Pessoas com formas diferentes de pensar

André Prado tem 19 anos e estuda na Escola Superior Agrária do Instituto Politécnico de Bragança. Aos 14 anos foi estudar para a Escola Profissional de Agricultura e Desenvolvimento de Carvalhais, em Mirandela, a 70 km de casa, para o curso técnico de viticultura e enologia.

“Estou há 5 anos fora de casa, isso desenvolveu-me. Tu cresces muito mais se for a pressão”, afirma André Prado.

Foi considerado o melhor aluno da escola a nível de podas, embora não soubesse podar quando ingressou no curso. Durante o curso representou Portugal num concurso de podas. “Estive uma semana em Itália e uma semana na Áustria”, destaca André Prado.

“Nunca tive limites, tinha o mapa de Portugal inteiro para escolher o sítio para onde queria ir”, sublinhou André Prado.

André Prado

Conseguiu entrar para um cetsp de Produção Agrícola, e pretende ingressar na licenciatura de Engenharia Agronómica, a qual tem 13 equivalências com o cetsp.

Sofia Diogo, tem 19 anos e frequenta a licenciatura de enfermagem na Escola Superior de Saúde do Instituto Superior Politécnico de Viseu. Antes disso passou pelo ano zero.

Chumbou no exame nacional de português do 12º ano, não queria permanecer na mesma escola, “Toda a gente tem o seu lugar, e nós vamos encontrar o teu, foram as palavras dos meus pais”, afirma Sofia Diogo.

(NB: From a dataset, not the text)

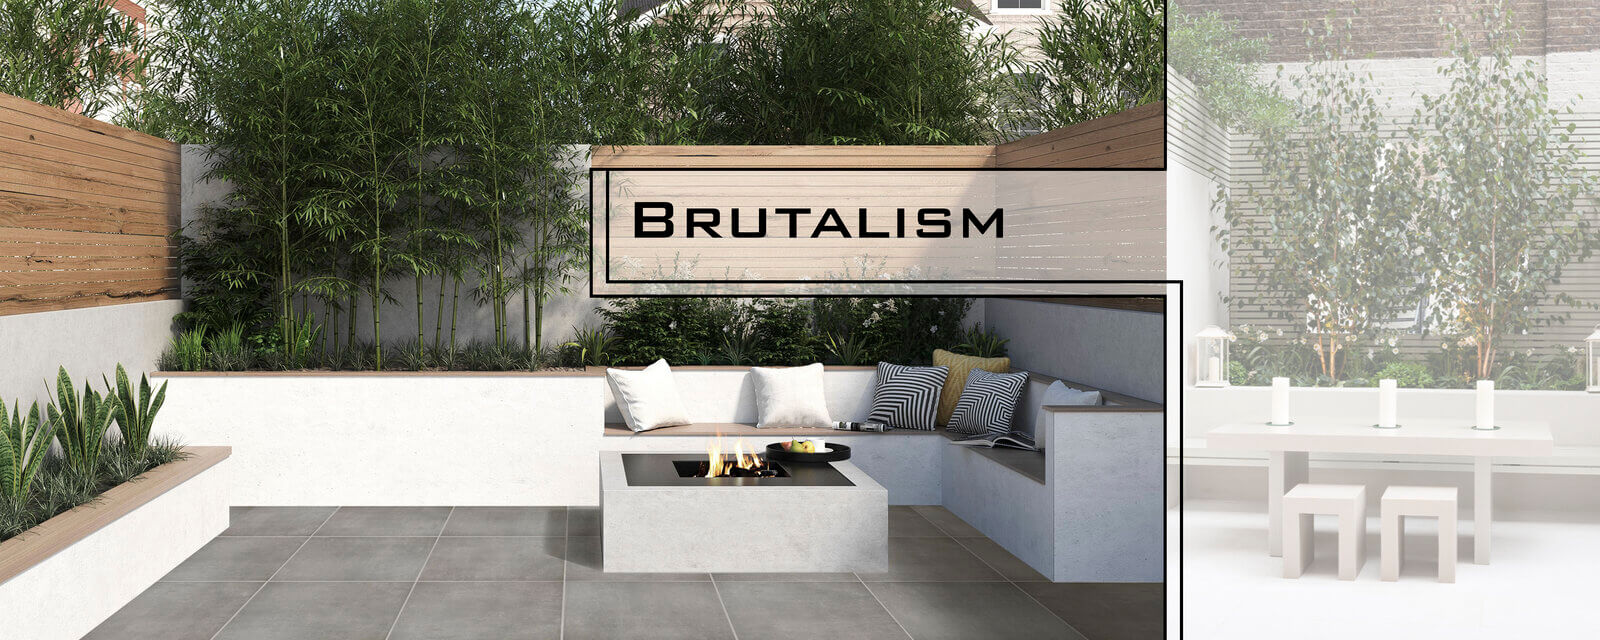 Brutalism
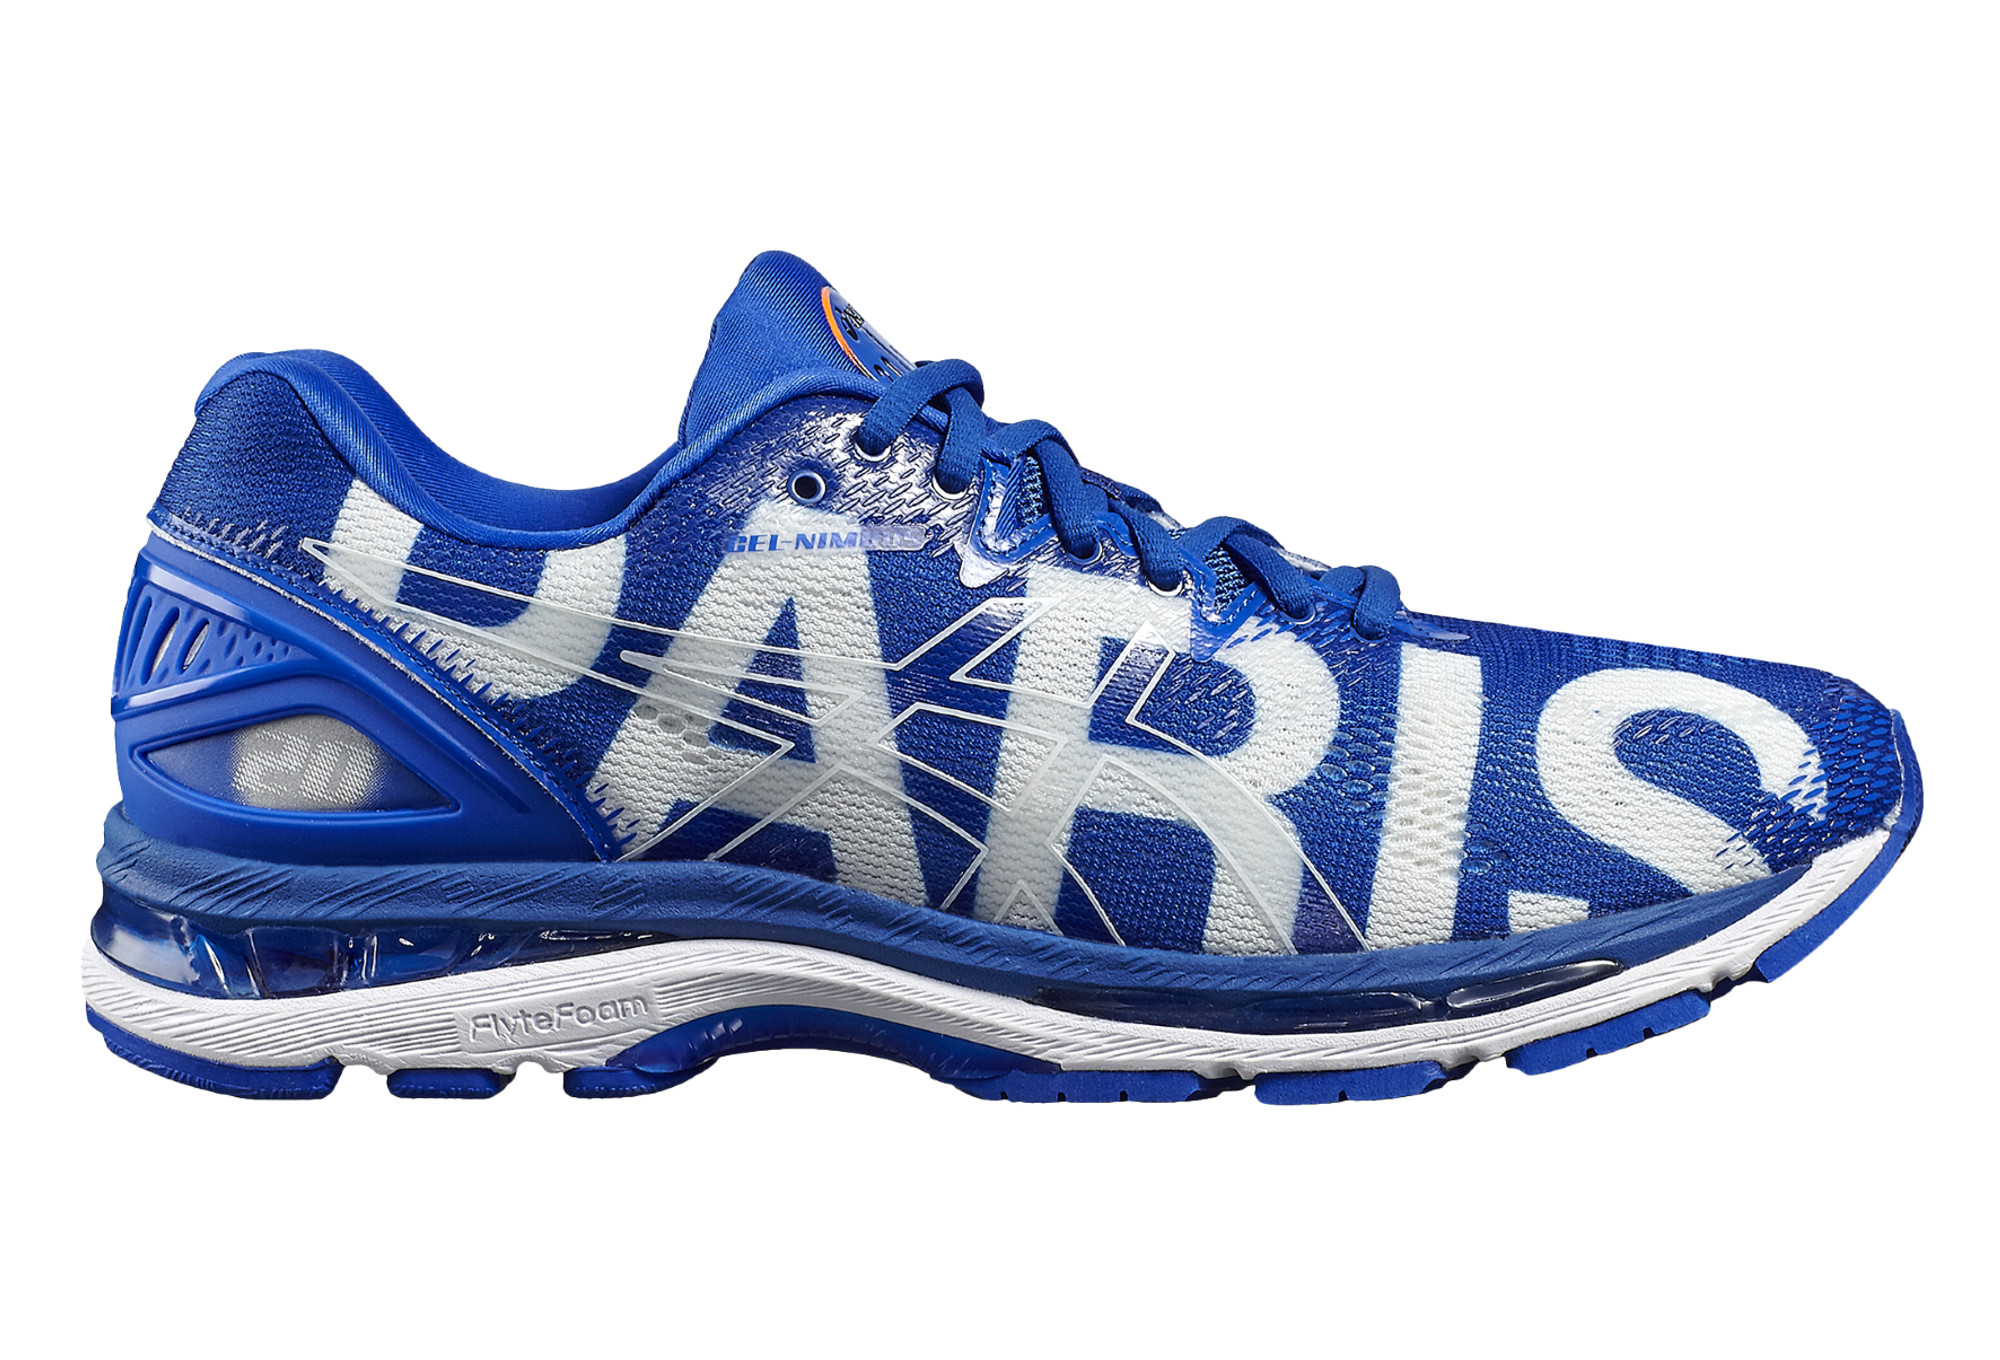 Nimbus De Chaussures Asics Paris Running Marathon Gel 20 7qT6wq

Decidiu seguir um caminho diferente, foi para Viseu, frequentar o ensino recorrente da Escola Secundária Alves Martins, começou a ter aulas para concluir o ensino secundário, e ao mesmo tempo, frequentava o cetsp de gestão comercial e vendas.

Sofia Diogo

“Eu tinha aulas de manhã na universidade, tinha aulas a noite no liceu, frequentava as praxes, conseguia sair a noite, eu conseguia fazer tudo”, sublinha Sofia Diogo.

No segundo semestre, perdeu a motivação para o curso, resolveu empenhar-se para voltar a realizar os exames nacionais, por fim, depois de conversar com a mãe, tomou a decisão de se candidatar a licenciatura de enfermagem. “A minha colega de casa estava no 2º ano de enfermagem e eu achava muito interessante as coisas que ela me contava sobre o curso”, explica Sofia Diogo.

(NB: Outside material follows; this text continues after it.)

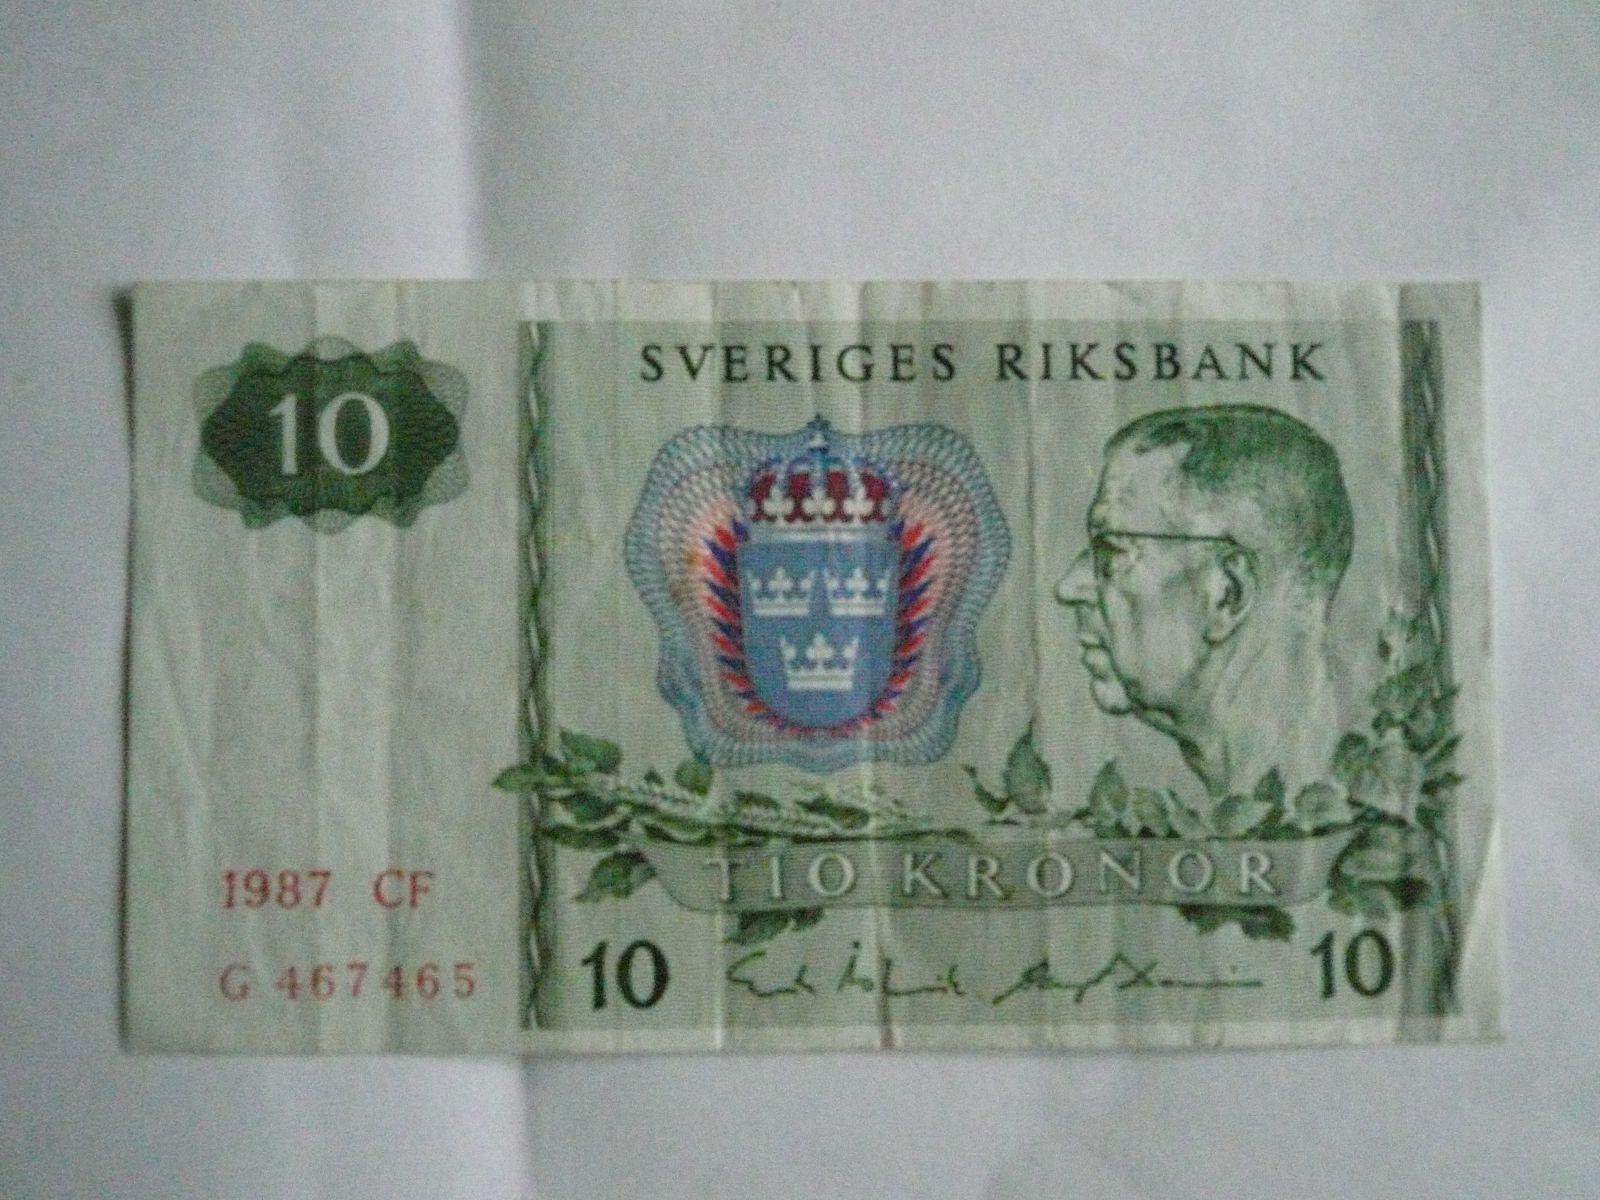 10 Krone, Švédsko, 1987

Miguel Ferreira, tem 21 anos e é proprietário de uma Agência Funerária em São João da Pesqueira.

Miguel Ferreira

Foi convidado para discursar em mais uma das palestras organizadas pela Escola Básica e Secundária de São João da Pesqueira, e recusou, Miguel explica que “Quando estava na escola e era obrigado a assistir àquelas palestras, achava que aquilo nunca mais acabava, não queria ouvir aquilo”. Por essa razão, é a favor de mais projetos como “Conversas de Café”. Quando foi convidado pelo grupo “Fimapoqui”, afirmou “Só a morte me fará faltar”.

Considera que as pessoas não se devem deixar levar pela opinião dos outros, nem pelas influências da família, afirma que “É um erro. Acho que as pessoas quando acabam o secundário deviam ter uma pausa para experimentar coisas novas”.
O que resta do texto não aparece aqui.